The sounds from the ballroom fell away quickly. The halls were as empty as they might have been at any other time during the wee hours of the morning. The silence and the exercise cleared Rumbold’s mind enough for what Velius had said to sink in. If Wednesday and his father had gone, it might already be too late. “Wait! We have to—” Rumbold started, when, two by two, the sconces winked out down the hallway. Whatever he was about to do, the shadows agreed with him. He only wished they could find a way to lend him the energy he was sorely lacking.

Rollins, Erik, and Velius all turned with their backs to the prince, surrounding him in a protective triangle. Erik unsheathed a wicked dagger. Rollins wrapped Rumbold’s sash around one fist, the medals splayed across his knuckles.

Rumbold slipped his hand inside Velius’s and clasped it tightly. His cousin took the silent hint and hurriedly pushed some of his own health and vigor through their magical link. The prince’s palm burned as he took in the energy Velius passed to him. Rumbold knew it wasn’t enough and that he’d pay for it come the morning, but he found himself considerably less exhausted than he had been a moment before. Velius’s skin burned like a firebrand, and Rumbold caught the smell of singed flesh. All his senses instantly became more alert. The air felt electrified. He could hear the flames in the remaining lamps hungrily consuming their oil. He breathed deeper and stood taller. After the brimstone faded, he could even make out the faint undertone of lilacs and lavender.

“Does anyone else smell that?” asked Rollins.

“Spring,” Erik whispered. If the others smelled it, too, perhaps Rumbold wasn’t as insane as he’d originally thought.

“Madelyn,” breathed Velius.

“You recognize my mother’s scent?” Rumbold asked.

“No,” said Velius. “I recognize
her.”
He pointed to where their shadows fell in a cluster on the wall. Among them was a fifth shade, shorter and wraith-thin, with long, loose hair and a flowing robe or gown. Velius and Rumbold stepped aside to make room for the woman, though she did not physically stand among them. On the wall, they saw her unfurl remarkable wings and encompass them all. “She didn’t have those before,” Velius said.

“She’s had them since I started seeing her ghost,” said Rumbold. “Since I returned from the well.”

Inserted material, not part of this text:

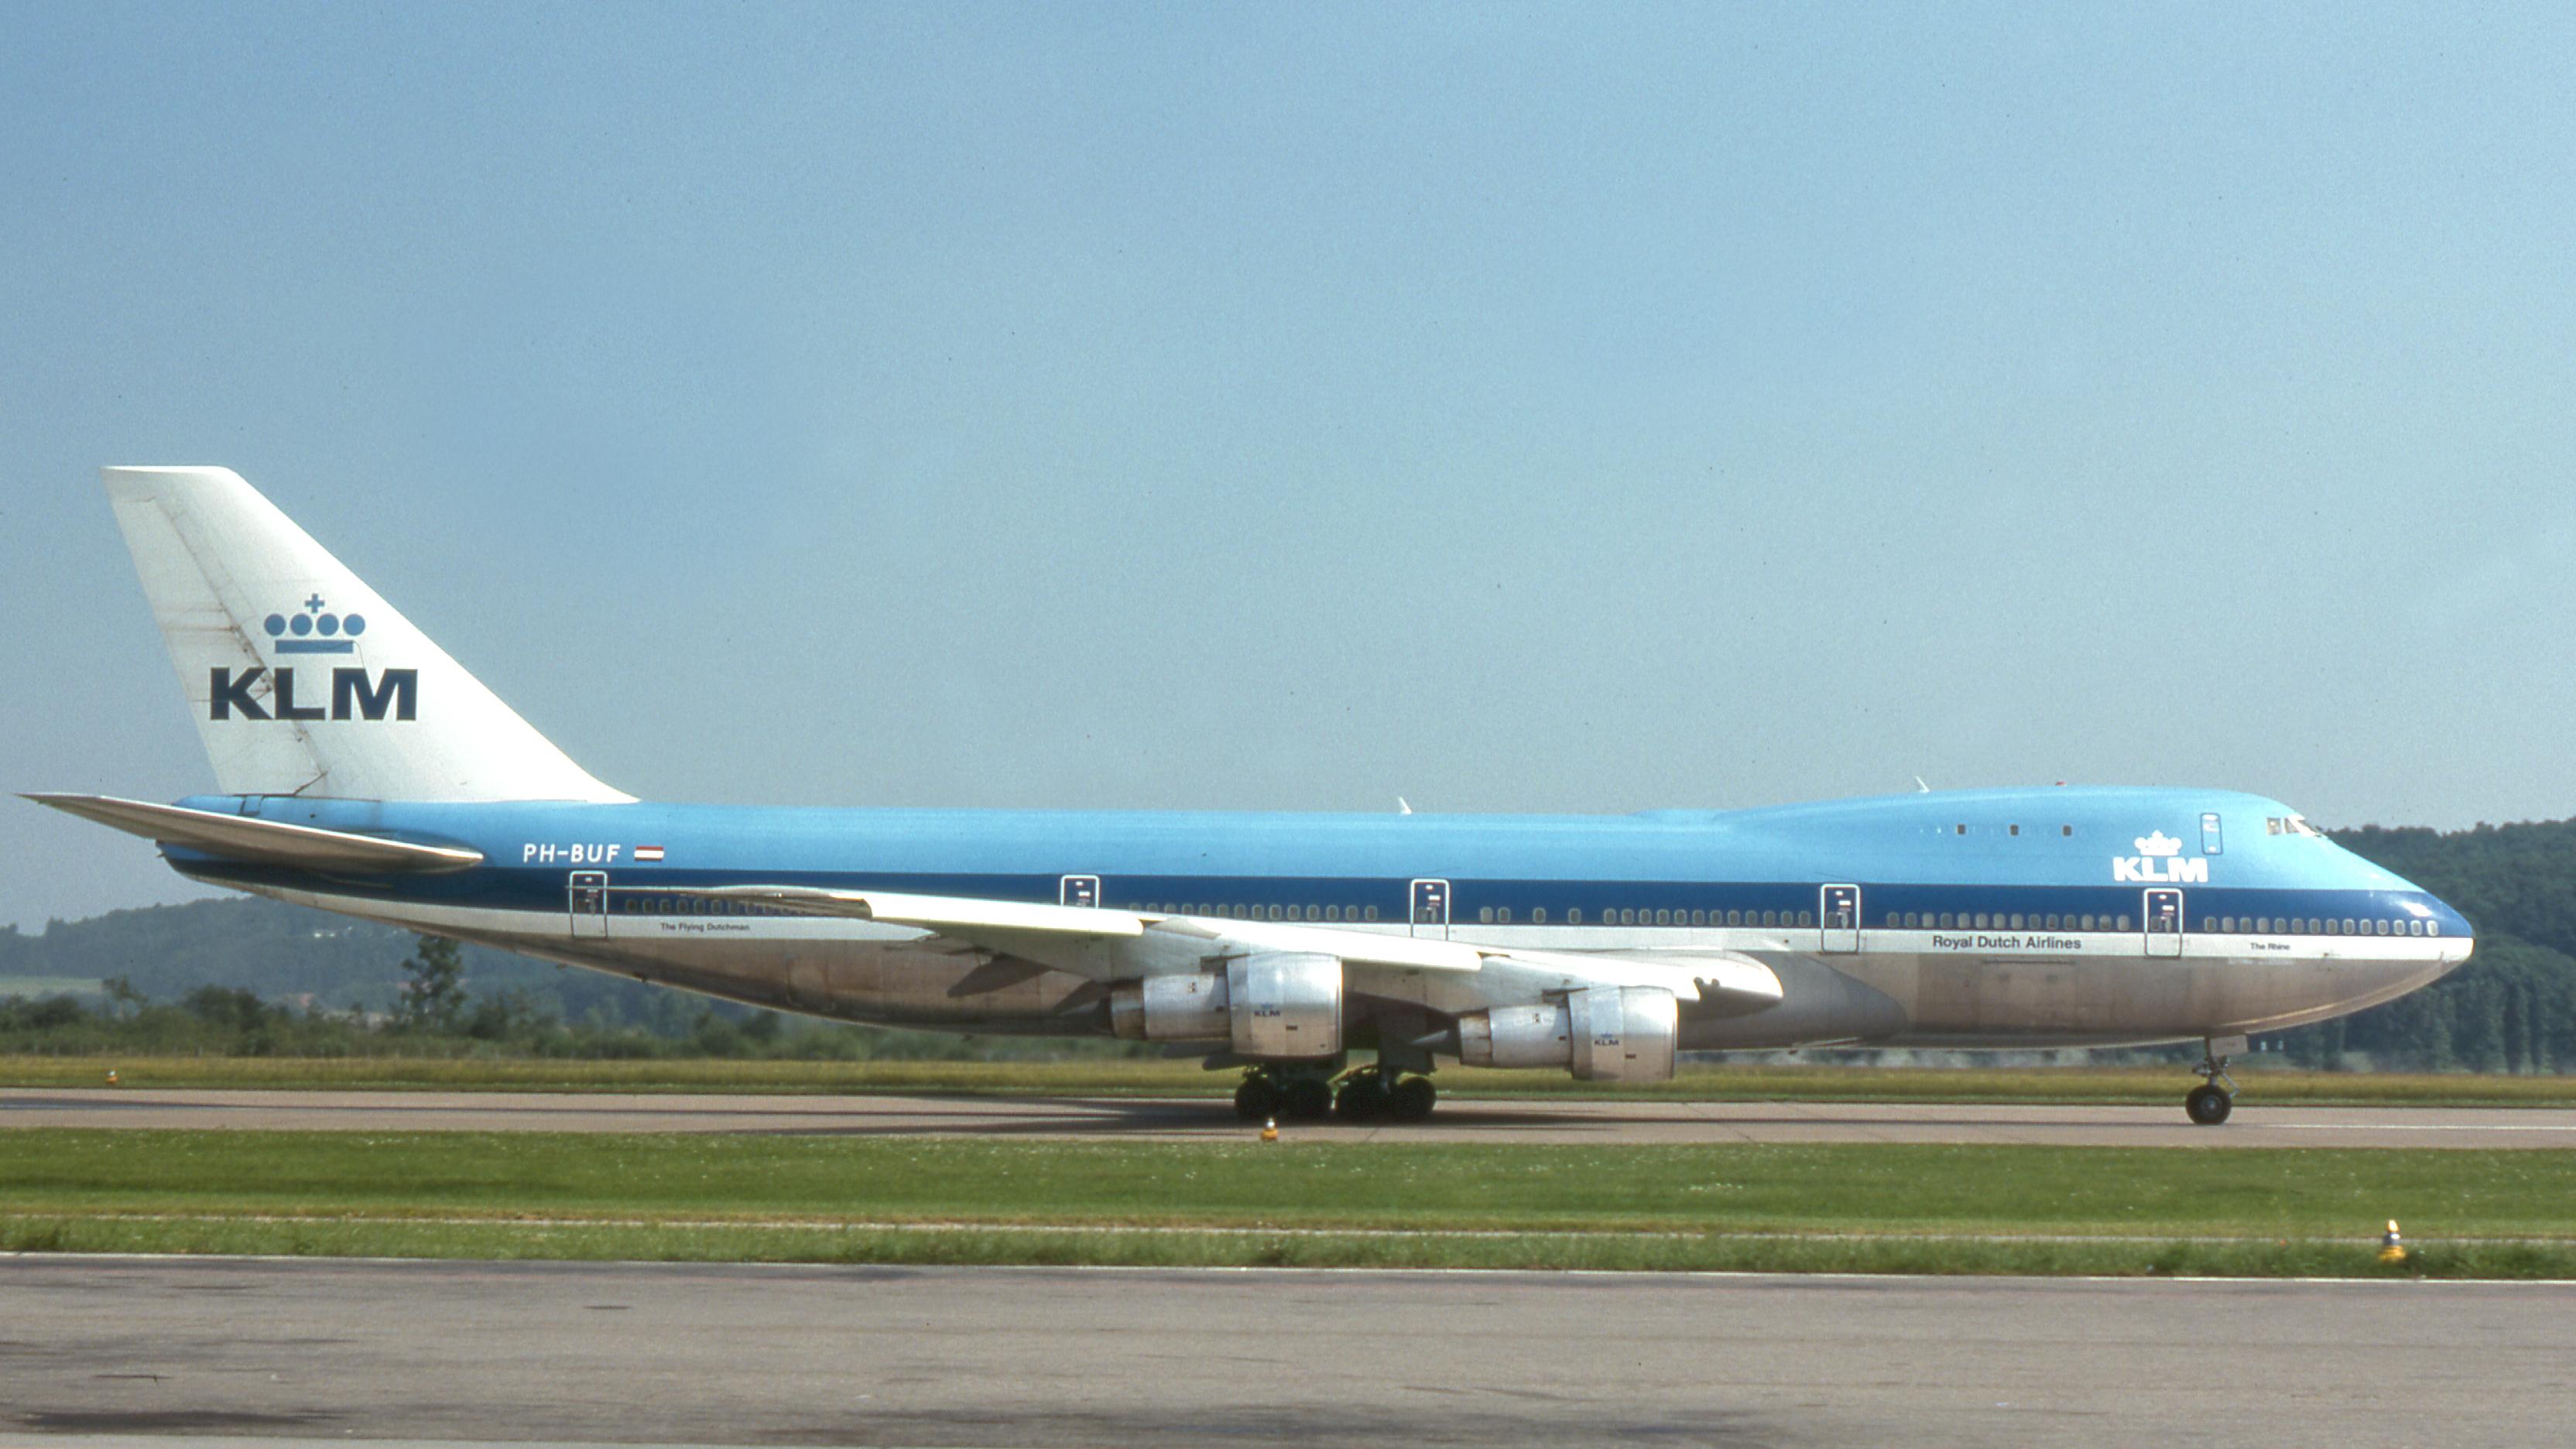 KLM_Boeing_747-200_PH-BUF_(7491686916).j
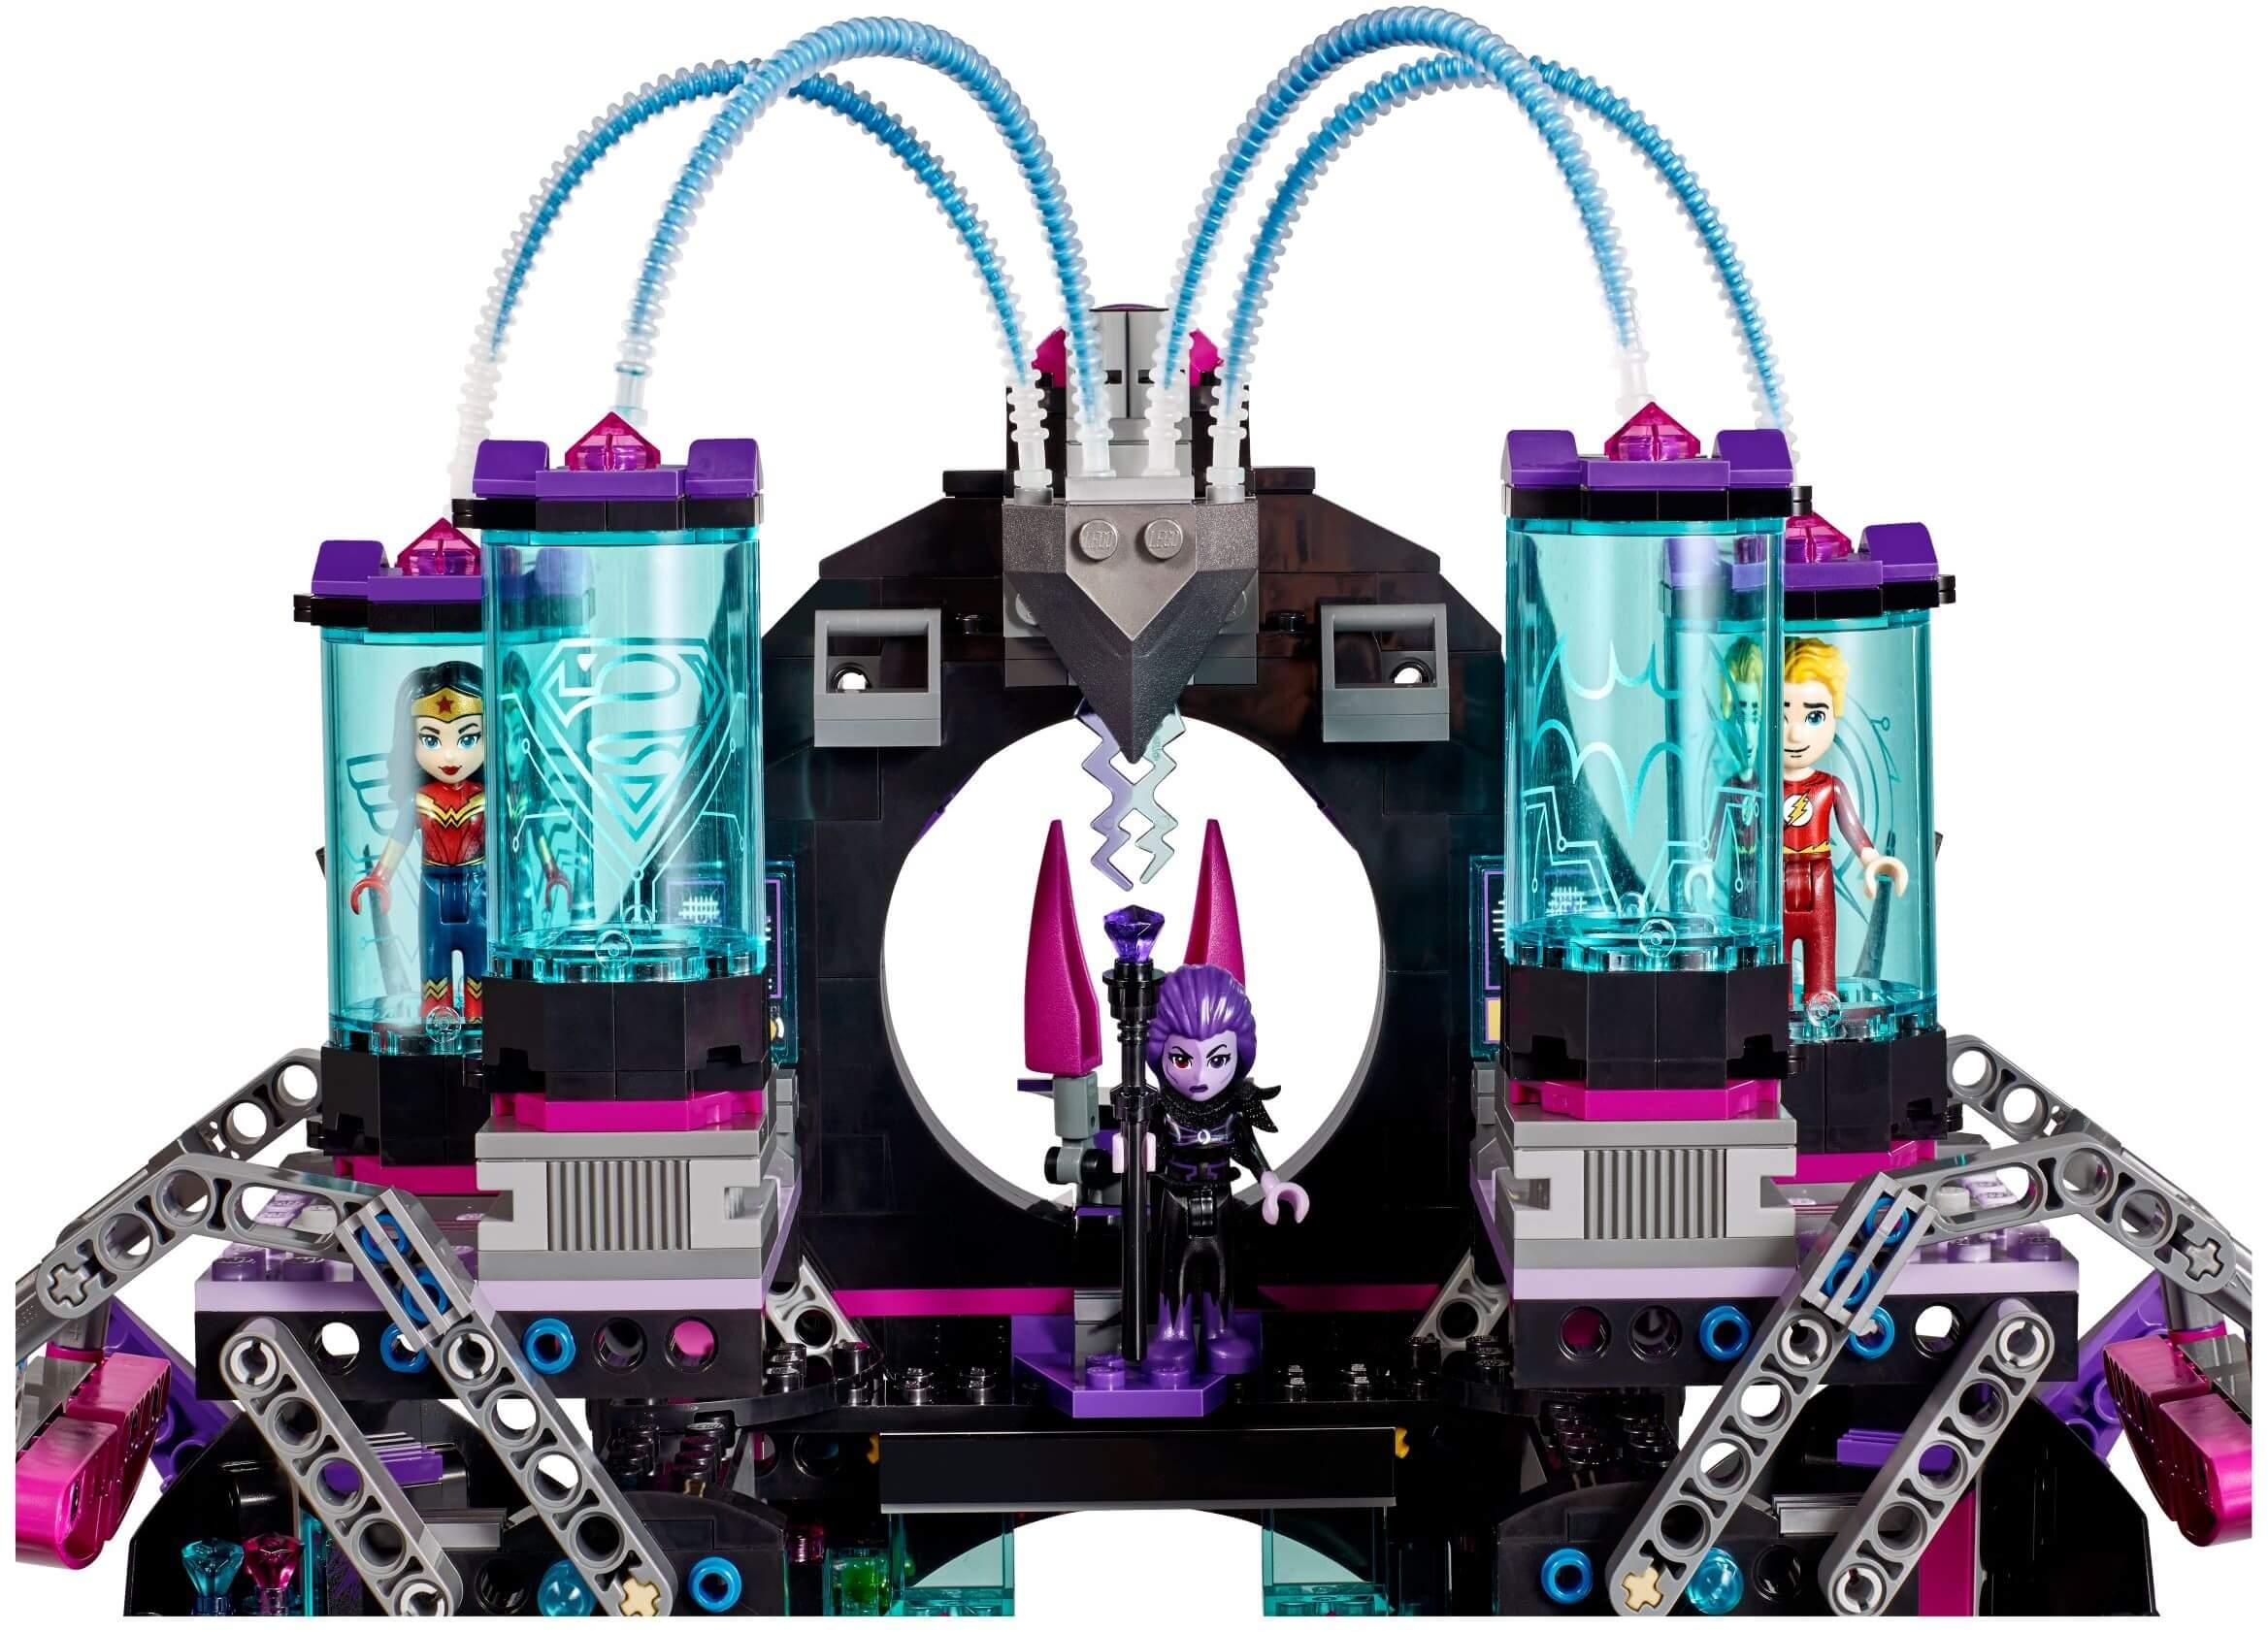 Mua đồ chơi LEGO 41239 - LEGO Super Hero Girls 41239 - Lâu Đài Ma Thuật của Eclipso (LEGO Super Hero Girls Eclipso Dark Palace)

“The nights I woke you up on the hearth,” said Rollins.

“Yes.”

“Any other brushes with insanity you haven’t thought to mention?” Erik asked. It didn’t matter if the ghost was friendly or not; he made no move to let down his guard.

“This happened last night,” Rumbold said. “The lights led me up to the tower.” To his father and Sorrow and their secret plotting behind closed doors. And ... Wednesday! His mother was leading him to Wednesday!

“The sky tower?” asked Erik, and Rumbold nodded. The commoners called it that, for it hid among the clouds most days. It was said one could venture to the top and seek communion with the Lords of the Wind.